There are many things that I think could be added to improve the performance. Going forward I will investigate using Kalman filters.

##### More on the Pure Arbitrage Trading Strategy:

I have only found two shares that have duel listings on the same exchange; this means that we can’t allocate large sums of money to the strategy as it will have a high market impact, however, we could use multiple exchanges and increase the number of shares used.

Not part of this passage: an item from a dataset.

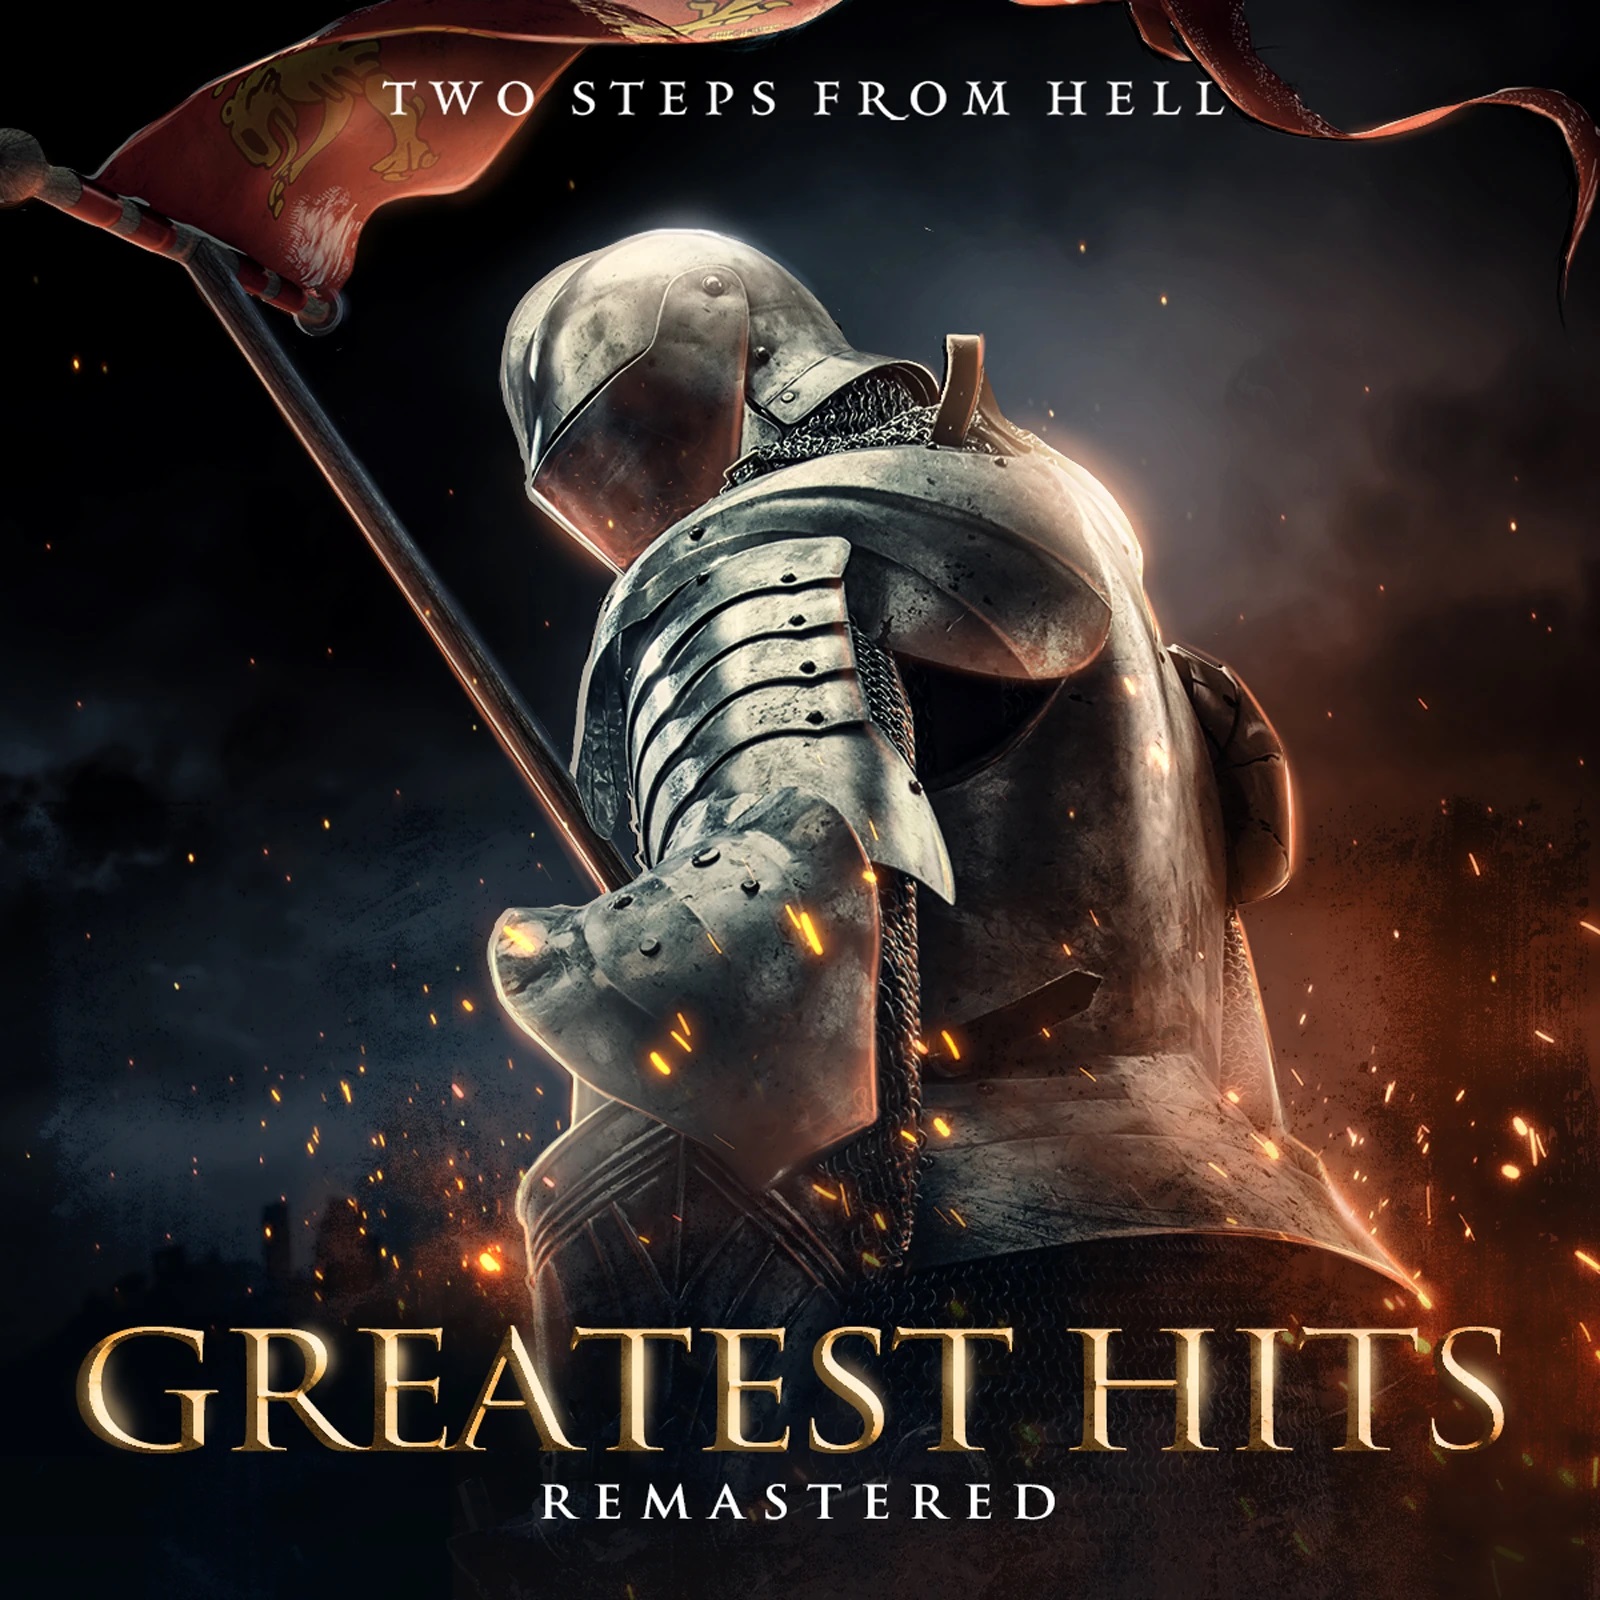 Two Steps From Hell - Greatest Hits: Remastered (2020) [FLAC 24bit/48kHz] Download

##### More on the Pair Trading Strategy:
1. The number of observations used in the ADF Tests is large to blame. The problem is that a test for co-integration has to be done in order to make a claim for statistical arbitrage, however by using 120, 90, and 60 as parameters to the three tests, it is very difficult to find pairs that match the criteria and that will continue in this form for the near future. (Kalman filtering may be useful here)
2. I haven’t spent a lot of time changing the different parameters like the number of observations in the mean calculation. (This requires further exploration)
3. From the above sector portfolios, we can see that the early years are very profitable but the further down the timeline we go, the lower returns get. I have spoken to a few people in the industry as well as my friends doing stat arb projects at the University of Cape Town, the local lore has it that in 2009 Goldman switched on their stat arb package, in regards to the JSE listed securities.
4. The same is noticed with other portfolios that I didn’t include in this report but is in the R Code file.
5. I believe that this is due to large institutions using the same bread and butter strategy. You will note (if you spend enough time testing all the strategies) that in 2009 there seems to be a sudden shift in the data to lower returns.
6. I feel that the end of day data I am using is limiting me and if I were to test the strategy on intraday data then profits would be higher. (I ran one test on intraday data on Mondi and the results were much higher, but I am still to test it on sector portfolios)
7. This is one of the simpler statistical arbitrage strategies and I believe that if we were to improve the way we calculate the spread and change some of the entry and exit rules, the strategy would become more profitable.

If you made it to the end of this article, I thank you and hope that it added some value. This is the first time that I am using Github, so I am looking forward to seeing if there are any new contributors to the project.